4. Средства воспитания
4. Средства воспитания
Высшая государственная власть, вдруг осознавшая себя абсолютно суверенной, самым непосредственным образом слиянной с волей самого Бога, требует от того, в ком она воплощается, невиданной высоты нравственного развития. Впоследствии это будет осознано в полной мере, и уже очень скоро французский трон окружит целый легион идеологов – законников, философов, поэтов, живописцев, главным, если не сказать единственным, назначением которых будет возносить едва ли не превыше самих небес личность монарха. «Король-Солнце» – вот прозвище, которое получит Людовик XIV, и нужно отдать ему должное: всю свою жизнь с невиданным до того достоинством он будет представлять всему миру самого себя. Мало кому удавалось и, наверное, удастся когда-нибудь еще поднять на такую высоту авторитет личности государя.
Правда, «Король-Солнце» – это не вполне французское изобретение. С Солнцем отождествлял себя еще римские императоры, и некоторые средневековые монархи пытались возродить это сравнение. Однако со времен папы Григория VII и особенно при Иннокентии III папство решительно пресекало эти попытки. Из книги Бытия оно заимствовало образ двух светил: «И создал Бог два светила великие: светило большее, для управления днем, и светило меньшее, для управления ночью…» Для церкви большим светилом – Солнцем – был папа, светилом меньшим – Луной – император или король. Луна не имеет собственного света, она лишь отражает солнечный свет. Император был главой ночного мира, тогда как миром дневным управлял папа, являющийся его символом. Если вспомнить, что означали день и ночь для средневекового человека, понятно, что вся светская иерархия оказывалась для церкви миром подозрительных сил, теневой частью социального тела.[4]

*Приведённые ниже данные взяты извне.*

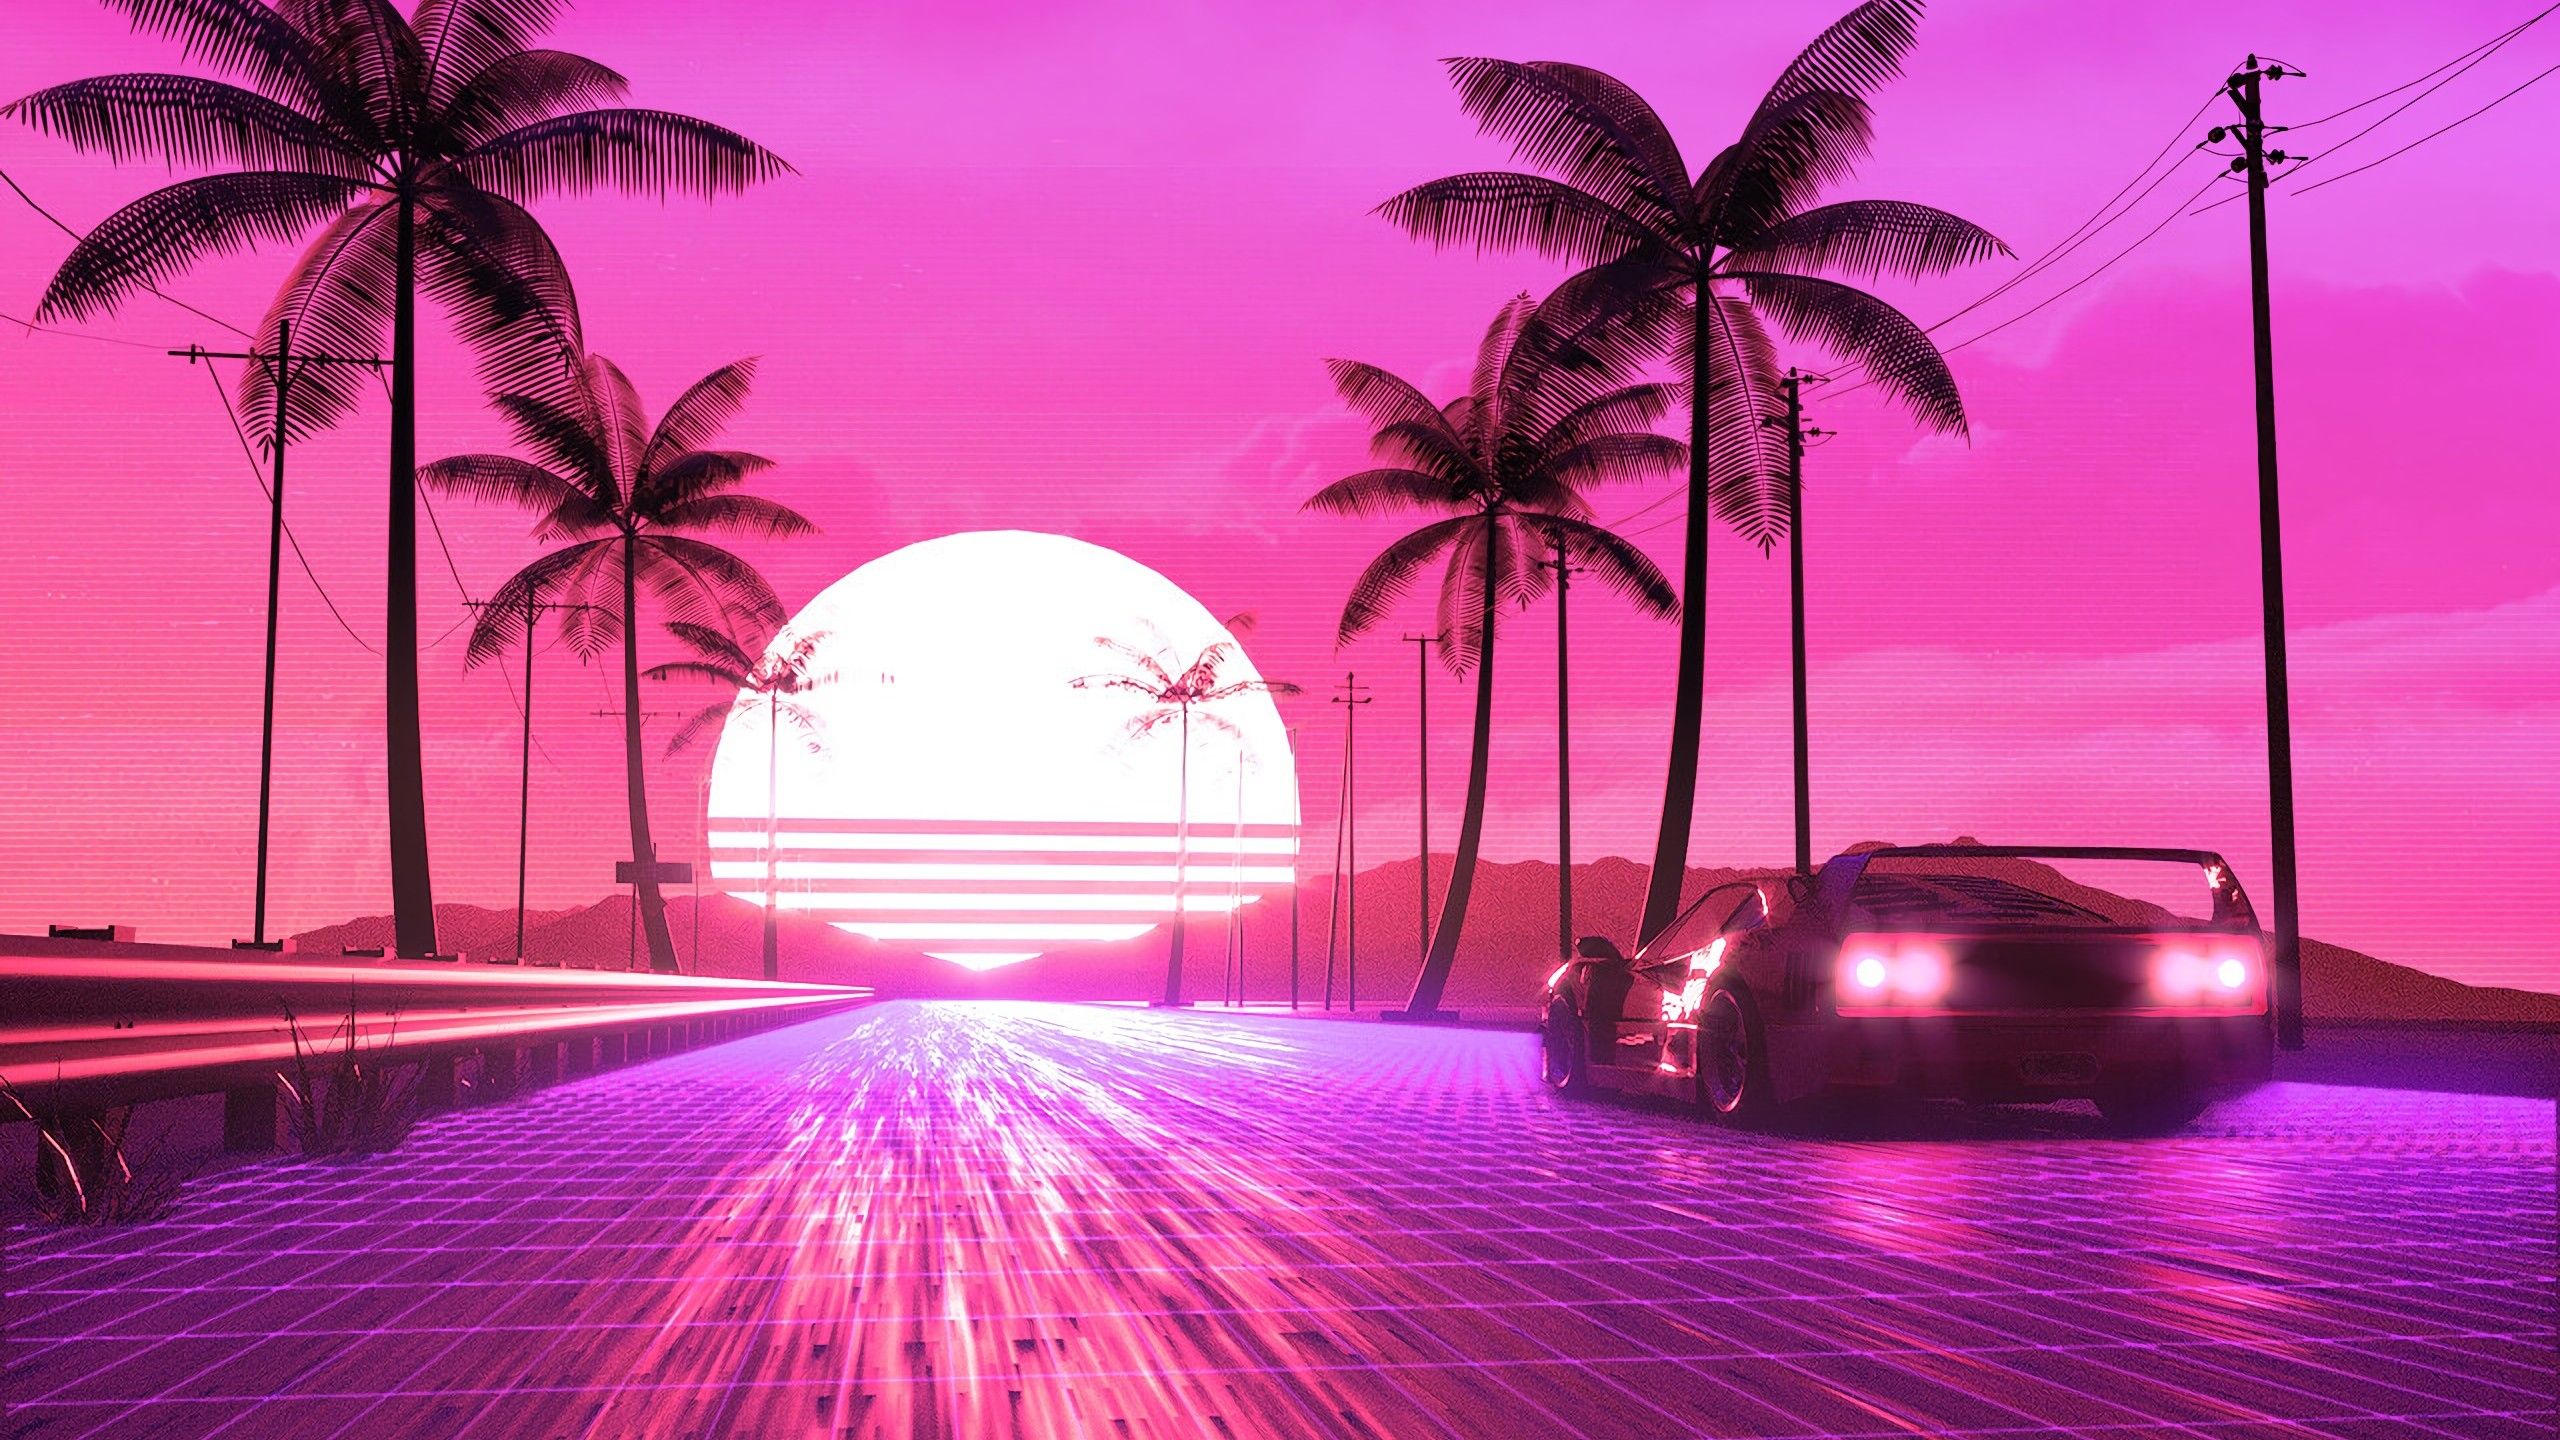 80s Themed Background Images, HD Pictures and Wallpaper For Free Download

Но новое время – новая идеология, и корпоративная придворная мысль XVII столетия породит довольно сложную и вместе с тем очень стройную и эстетически выверенную, едва ли не завораживающую своим изяществом, теоретическую конструкцию. В этой конструкции королевский двор предстанет моделью самого неба на земле. Согласно новой идеологии абсолютизма именно он окажется истинным перводвигателем и первоисточником всего того, из чего складывается жизнь государства. Именно он окажется началом, сообщающим смысл любым действиям, предпринимаемым во французском королевстве. Только он будет в состоянии вершить последний (на земле) суд не только над лицами, но и над всеми его институтами. Центральное же место здесь займет сам монарх. Подобие и воплощение Бога на подвластной ему земле, именно он сообщит особое достоинство всем, кто вдруг окажется приближенным к нему, и все приближенные к нему будут править не только буквой освященного им закона, но и тайной магией той харизмы, которая сообщится им при их вознесении на «небо» монаршей власти. А может быть, даже и так: не столько буквой королевских эдиктов, присваивающих им какие-то полномочия, сколько метафизической силой именно этого дарованного им достоинства.

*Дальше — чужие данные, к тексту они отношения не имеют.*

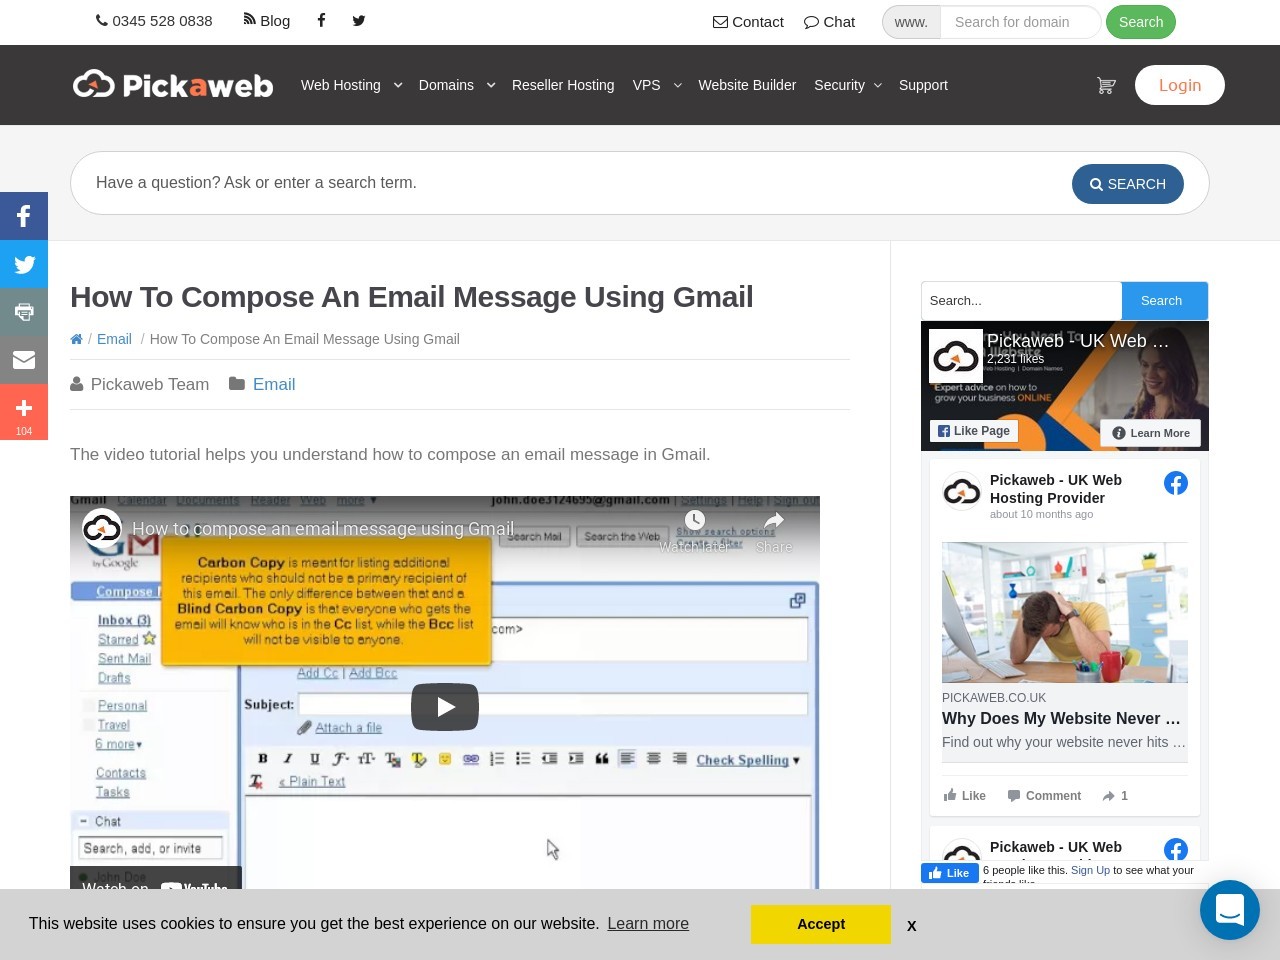 How To Compose An Email Message Using Gmail - Pickaweb

Помпезное величие и пышность Версаля – необходимый элемент именно этой возвышенной и красивой идеологемы: «небо-дворец» обязано затмевать собою решительно все, что только есть на «земле». Титул «Король-Солнце» – во многом тоже отсюда, поскольку здесь дело не только в величии и пышности, новая мифология явно сквозит и здесь. Как Солнце пробуждает жизнь в природе, так и король дает начало всему на согреваемой и освещаемой именно им «земле». Только ему королевство окажется обязанным осмысленностью и регулярностью своего бытия.
Правда все это будет позднее. Шестнадцатому же столетию еще очень далеко до этой возвышающей государственную власть метафизики. Вместе с тем шестнадцатый век – это не просто век свирепых гражданских войн, когда взаимное ожесточение противоборствующих партий достигает своего апогея. Вспомним, что к этому времени пережившая Возрождение Европа уже познала тягу к героическим свершениям, к масштабным потрясающим земные пределы делам. Деяния же земных титанов немыслимы без жертвенных гекатомб.
Девиз великой эпохи – это дерзание. Но, увы, – дерзание во всем, не исключая и нравственных норм. Не забудем ведь и другое: ренессансный мир уже вкусил едкой отравы макиавеллизма, и на долгое время «Государь», которому уже вскоре после опубликования предстоит стать настольной книгой едва ли не всех властителей, освободит их от ненужных угрызений совести.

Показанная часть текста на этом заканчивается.